The Telegraph pulled out all sorts of rabbits out of its hat. The YouGov poll showing LibDems down to 24% and a surge for Labour to 30% provides the background to a number of anti-hung parliament possibilities. There’s the possible deal with Northern Ireland’s Unionists (better the coalition partner you can chew), or (sit down before you read this) Simon Cowell‘s backing Cameron as “the prime minister Britain needs at this time”. They did say that the TV debates had an X Factor feel about them but hey… Simon Cowell??

If the backing of multi-millionaire Cowell would not dissuade Tory voters from voting LibDem then you had the good old guilt by affinity – remember the “zokk u fergha“? “Clegg styles himself as successor to Blair” – it doesn’t get any scarier for a down and out Tory does it?
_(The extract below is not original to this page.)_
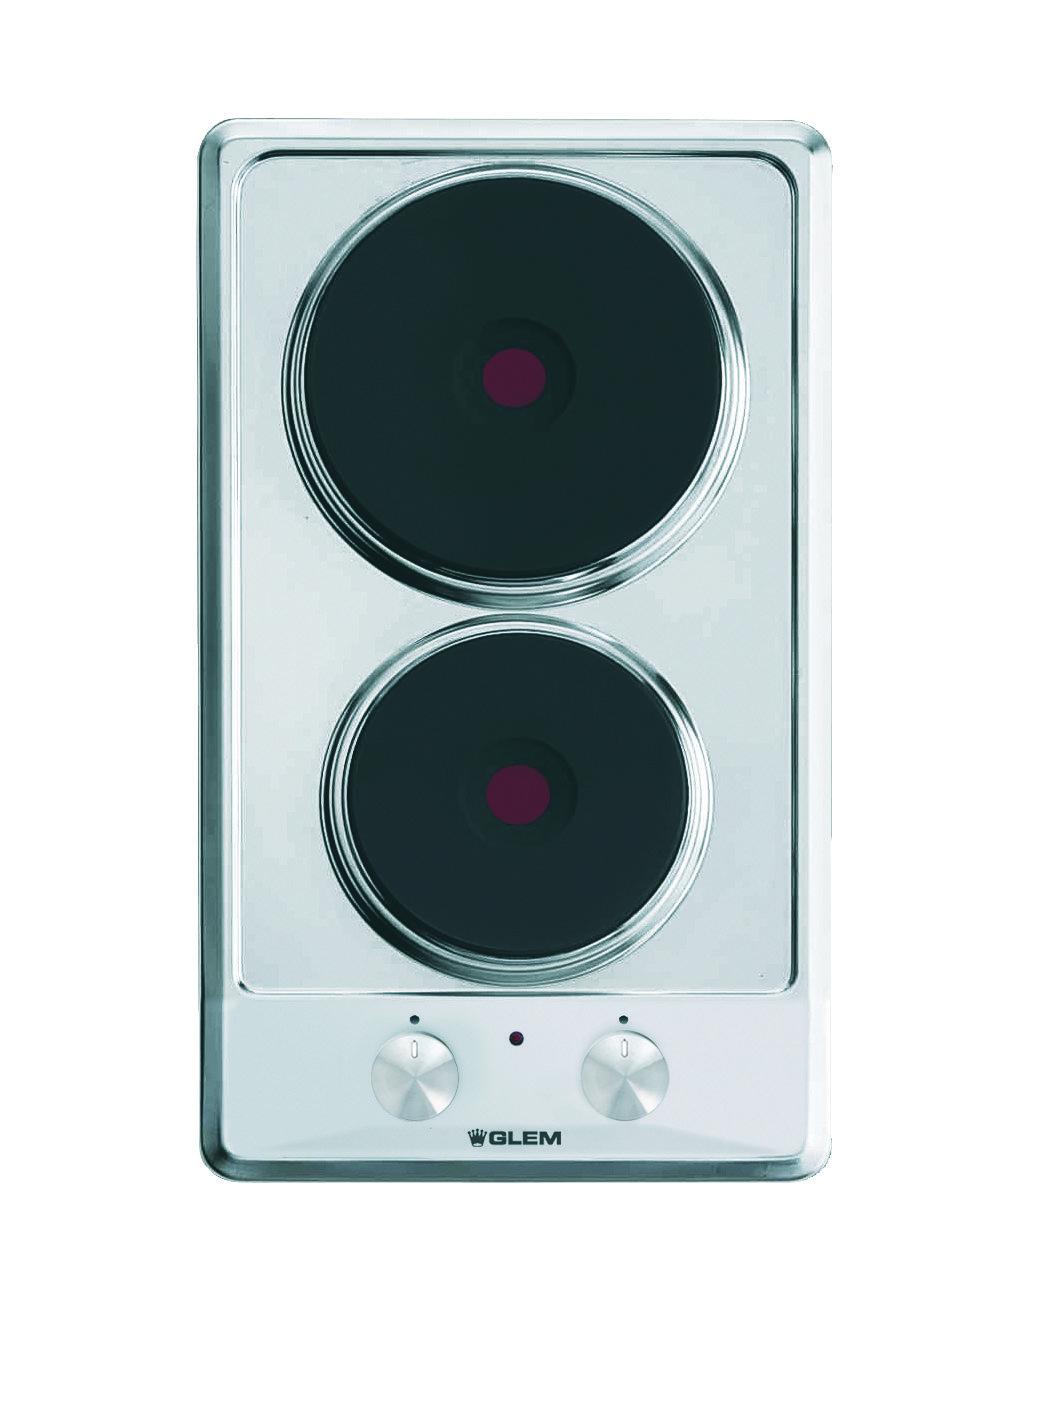 Piano cottura a induzione a gas o elettrico cose di casa - Piastre elettriche a induzione ...

For an interesting take on the world outside “tribal pulls” read the Times’ resident genius Finkelstein. Unlike most Brits he never felt the tribal pull so he does not find it difficult to opt for Cameron this time round:

So, annoyingly, this election will be determined by people fighting a tribal urge that I’ve never felt and can’t completely relate to. The best I can offer is this: once I considered myself on the centre Left, and I don’t any more. And once I, too, had “never voted Tory”, but in the end I didn’t find it very difficult at all.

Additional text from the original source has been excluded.